With a sender team of 10 that would pray for them, send out newsletters and look after their house while they are gone nine months out of the year, things looked good, she said.
“Heaton found a large sum of money that Glenn had coming to him,” she said, “and it paid off the house. Mercy Ships got satellite communications on the last of their ships just a year ago. We’re good to go.”
“We still have no idea of what the future holds,” Strauss said. “We have no idea how this will all turn out.”
But God does, he said.
“We will accept donations, but we won’t fund-raise.” Strauss said. “If I have to make tents, like Paul did, I’m ready to do it. Joshua 1:9 says, ‘Be strong, and courageous. Do not be terrified: do not be discouraged, for the Lord your God will be with you wherever you go’ ” (NIV).
THE VISION
Strauss loves his job and the tools of his trade, he said. For years, he has kept his eyes open for a surgical procedure that could be easily taken to remote locations. Having volunteered for short-term trips during his vacations from work, he knew firsthand what limitations prevented effective treatments.
“The LASIK surgery is far too complicated for the Third World,” said Strauss, naming the surgical procedure that actually cuts into the eye.
“You can’t drag finely calibrated, dust-sensitive, gas-driven equipment to Nepal,” he said. “It won’t work.”
At a medical convention a few years ago, he found a little-noticed procedure called conductive keratoplasty that requires so little technical support to function, he metaphorically described it, saying, “all you need is a tree to tie it to, and away you go.”
He took it with him to the Dominican Republic in 2003 and witnessed medical “miracles” with it.
“In the clinic, we would give people a Bible and ask if they could see the words to read them,” he said. “If they couldn’t, we took them into the surgery and they would lie there, with the Bible on their chests.”

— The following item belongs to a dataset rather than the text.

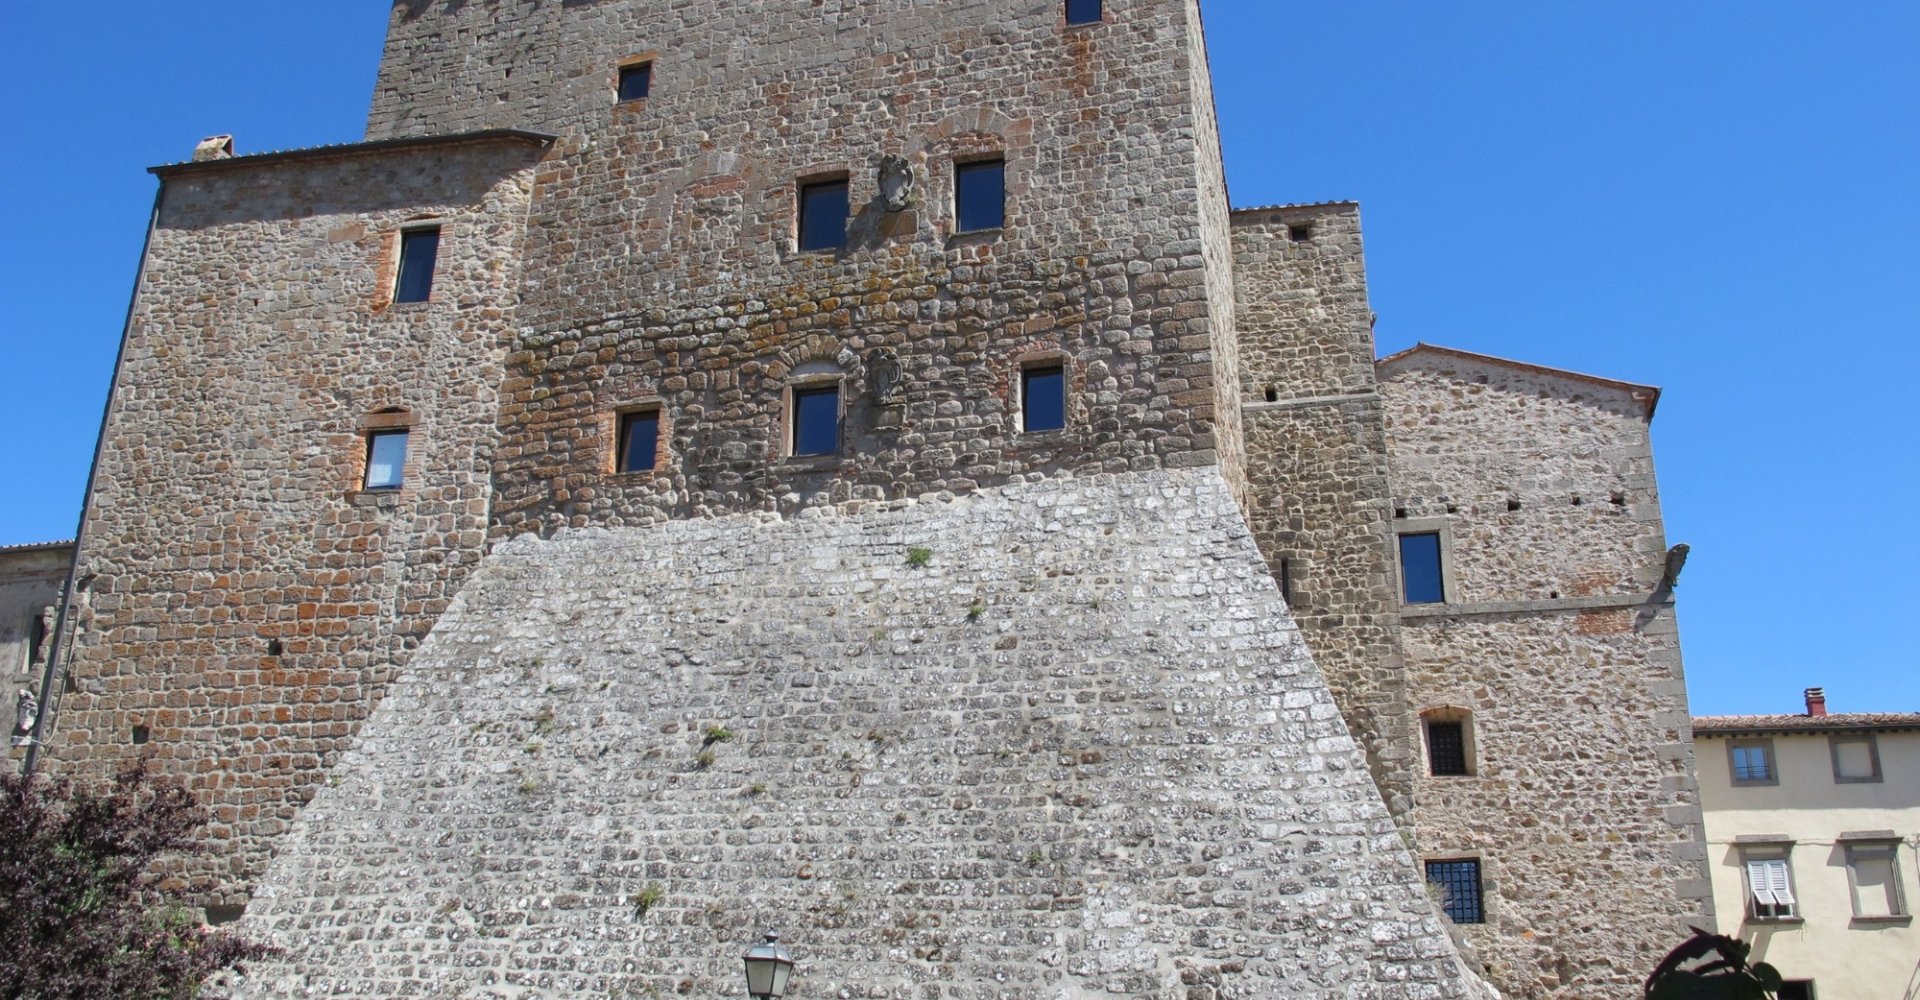 Aldobrandesco Castle of Arcidosso
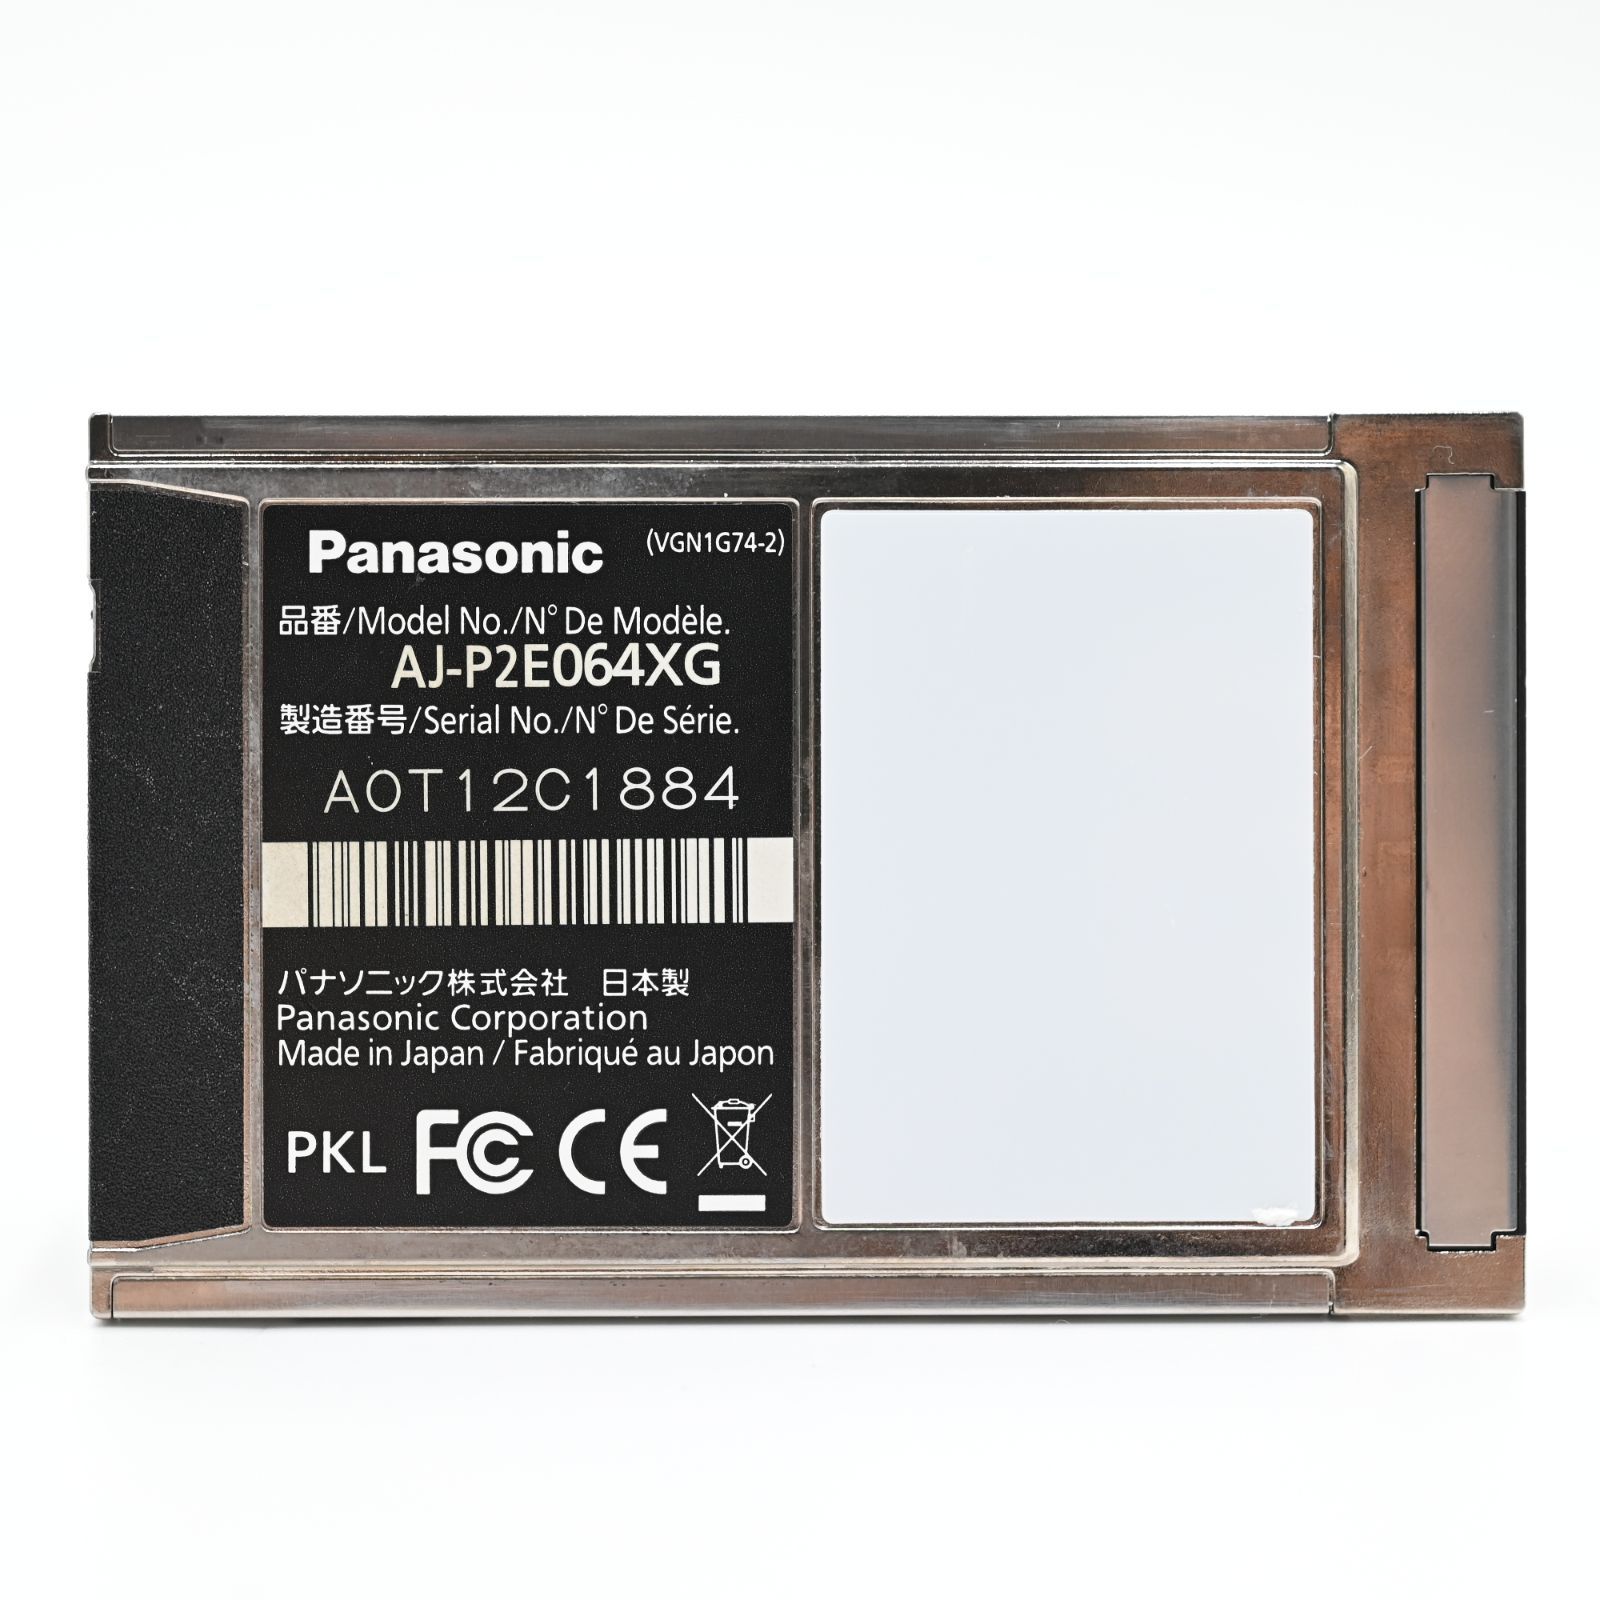 【極上品】Panasonic AJ-P2E064XG メモリーカード P2 card Eシリーズ(64GB) #839

Putting the CK device, about the size of a VCR, near the patient’s head, it only takes about two minutes for the radio frequency procedure that strengthens the cornea and corrects near vision to be completed, he said.
“They would pick up the Bible from their chest and be able to read it right away,” he said. “They would laugh and weep for joy. It worked. It was so cool to watch.”
The dangers of infection and eye discomfort are greatly reduced, he said. No sterile areas are needed. With a handful of surgeons, he said he helped introduce and train hundreds of doctors in the United States in the procedure and was the first in Texas to use it. It was one of the pieces of the puzzle that made his medical mission tantalizing, he said.
“Now we have something we can carry anywhere in the world,” he said. “Mercy Ships is a perfect vehicle to use CK, and my involvement in getting it out to the world is natural.”
His new title will be director of health care services, which will include all medical operations done by all medical staff of Mercy Ships worldwide. The size of the task does not bother him, Strauss said.
“I like to go to mountaintops or by oceans, anyplace that makes me feel small,” said Strauss. “Then I can realize how big God is and how little I am and that He can do anything.”
It’s in Ephesians 3:20 that he gains his perspective for the coming task, he said.
It says He is “able to do exceedingly abundantly above all that we ask or think according to the power that works in us,” Strauss said. “I love it when I am small and He is tall.”